Monday, August 21, 2017

Half-Broke Horses

For starters, Half-Broke Horses by Jeannette Walls is quite different from her first book, The Glass Castle. The latter is her memoir of her childhood and the former is the story of her grandmother's life. So you do, especially towards the last third of the book, get some hints of things to come (both events and themes)--but overall it's a separate story.

The tone is different and the beats of the story are all different, as well. Part of this is the fact that Lily's childhood goes by fairly quickly, so we're not seeing the story of children struggling to get by with their parents--we're seeing the story of a woman taking charge of her life, again and again. She's quite the inspiration.

Stepping away from her family's home to be out on her own, getting herself ready and able to teach, moving here and there, riding her horse alone for a month through the Southwest to get to a teaching post, cleanly putting an end to a bad situation, learning to fly a plane, and working harder than hard every single day because that was what she asked of herself.

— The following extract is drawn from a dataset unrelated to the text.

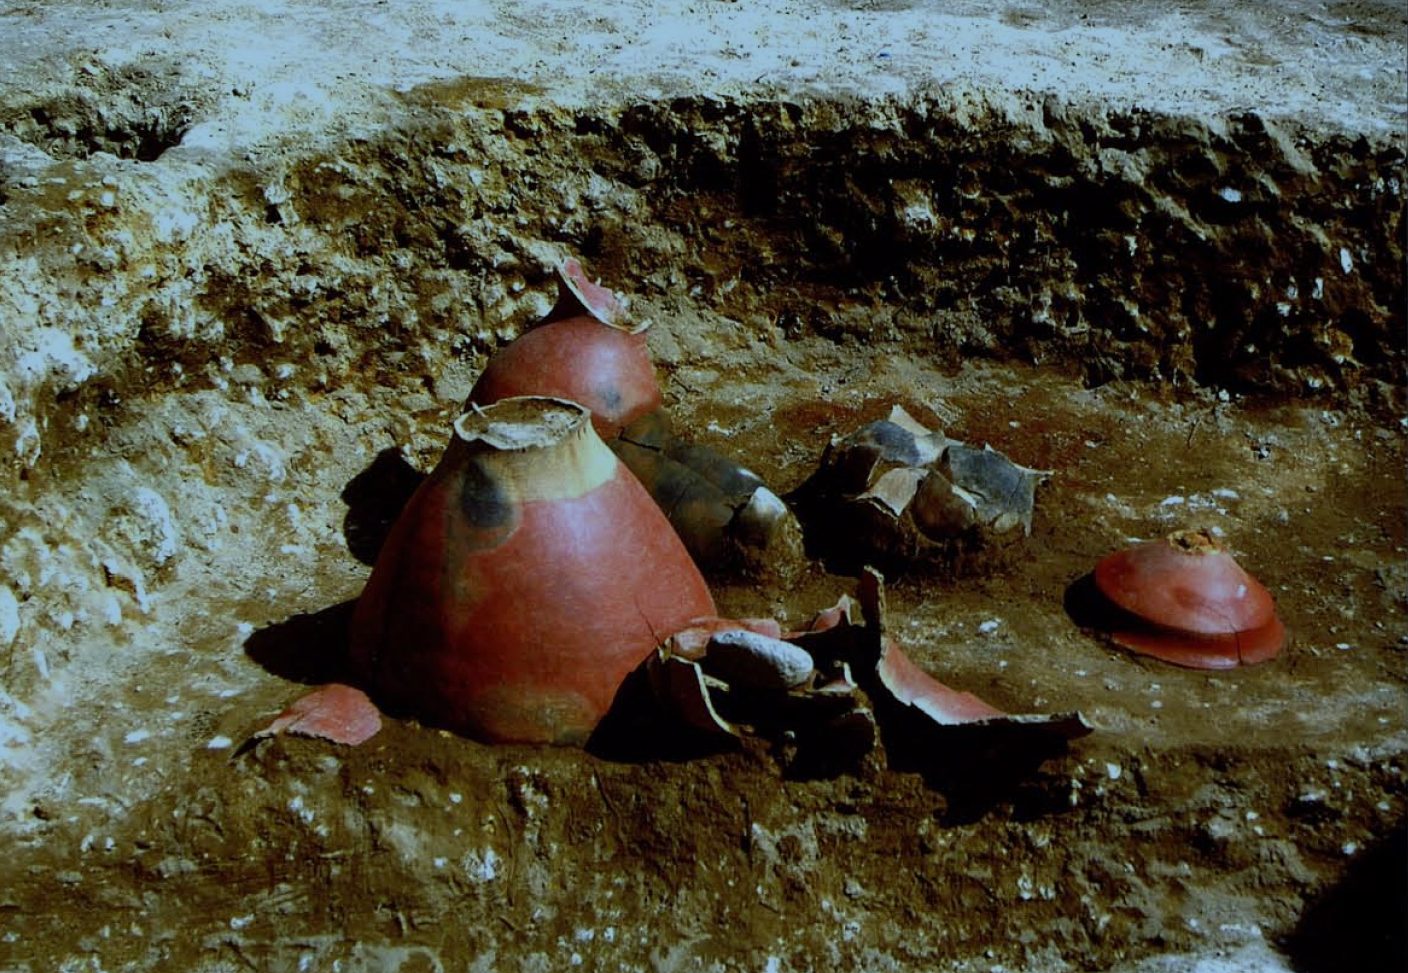 Ceramics from the Saku City site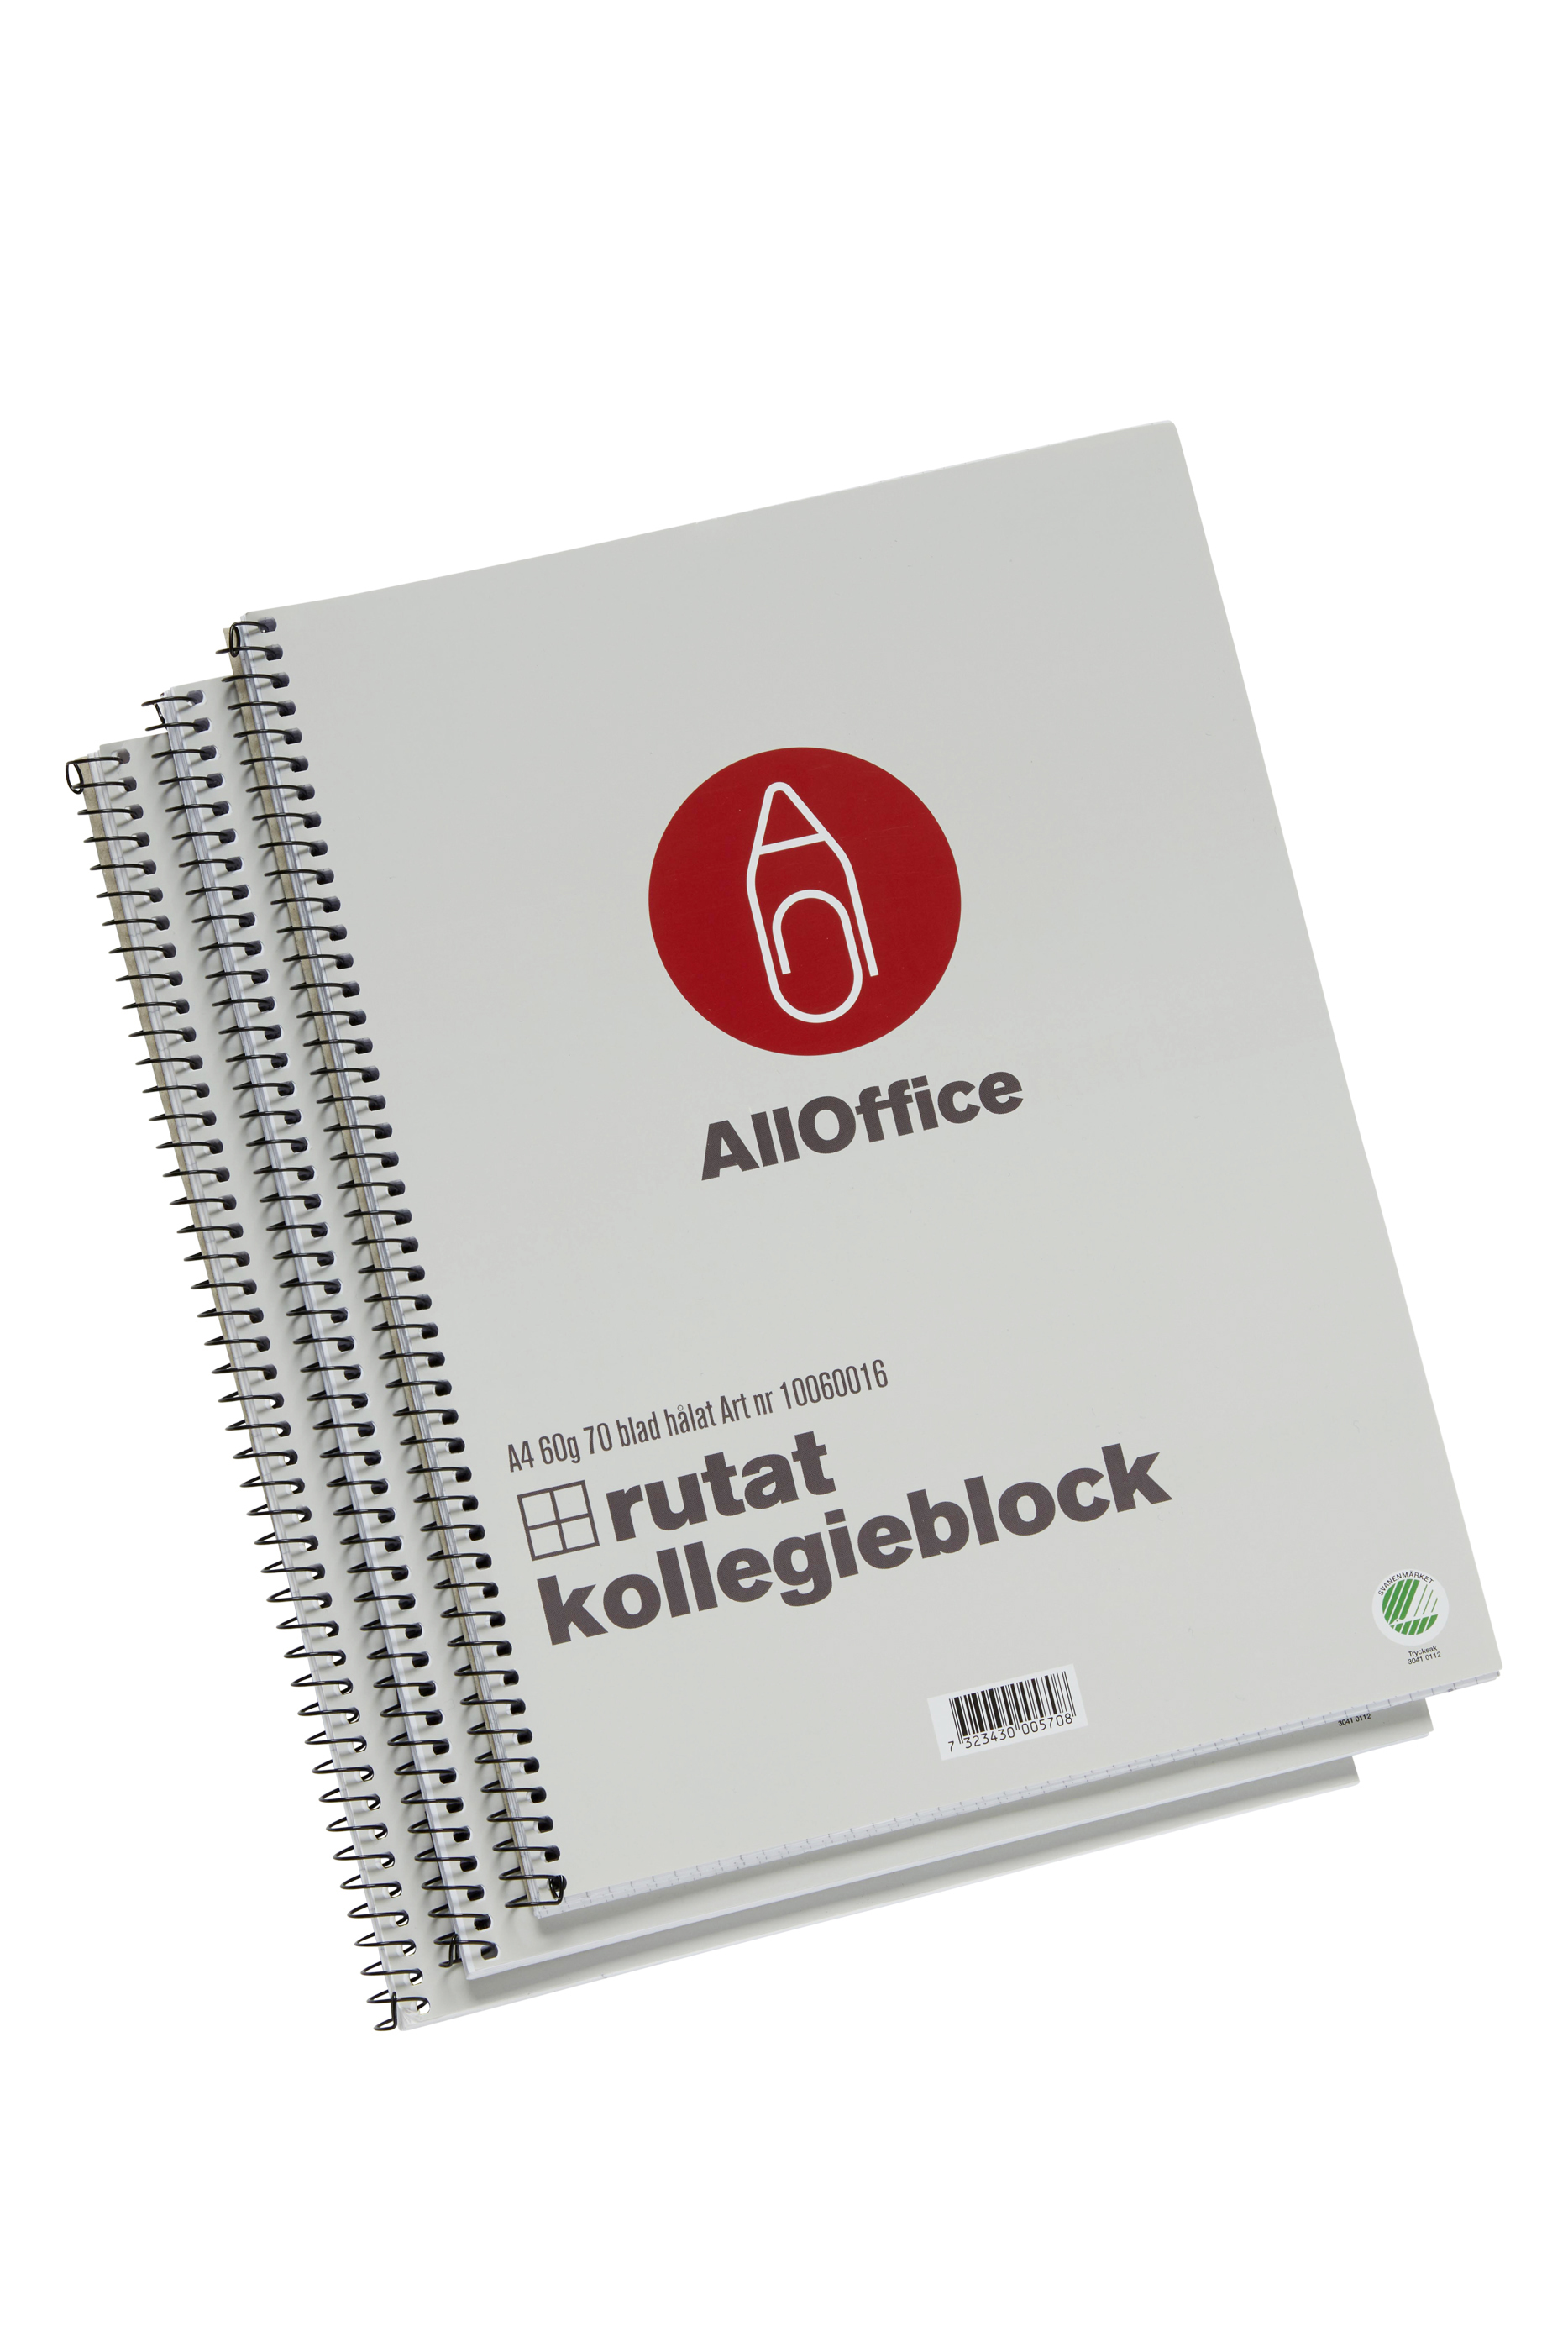 Kollegieblock AllOffice rutat A4 10060067

She worked hard because she knew she could do it and she knew that the results she would get from working hard would be so much better than the results from just going with the flow. She saw how things could be depending on if she acted one way or another, did one thing or another--and she decided what to do based on what she wanted to happen.

Texas, New Mexico, and mainly Arizona make up these pages. And that makes me wonder why it took me so long to read this book, given that stories like this of people who lived in the Southwest are exactly what I love. Given that Jeannette Walls was writing her grandmother's story, she had to call this book a real-life novel. It's technically fiction--but it's based on truth. The ranch, the teaching--the person; that's all true. So in a way, this book is like an oral history. It's this family's story, the story of a woman who lived and prospered in the last days of the West.

It's strange. She (Lily) talks about the new people that were able to come in to the Phoenix area once air conditioning made the real temperatures tolerable to them. She says it, you know, a little disdainfully--but rightly enough so because she lived and worked outdoors for enough years that she proved she could easily tough out something so small as the weather. So you want to take her side when she says things like this--but I'm probably one of those people. I'm part of that wave of people who moved to Arizona out of California (not to Phoenix, but still to Arizona) in this modern age of air conditioned houses and cars, grocery stores with fresh supplies, and paved roads. I don't have to live like Lily did, and I know that there are so many things that the modern age has lost, so many connections with this land that we no longer have. But I am grateful to people like her who were here before--and to those who were before her.

The more I think about it, the more I realize another strange thing. Lily loved respecting the land (taking care, for instance, not to let the cattle overgraze and things like that), but she also loved new things. She loved airplanes--and then lamented when the air become so controlled with the same flight paths and such that cars needed to follow. But she wasn't the only one who loved planes, and when you have so many people using something, well, you have to put down some rules and organization just to keep everyone safe. There are losses as time moves forward--but that's just the way it is.

I'm almost ending on a somber note there. So I'll finish by saying that I enjoyed this book as a source of people's stories, a source filled with what it was that made their lives theirs.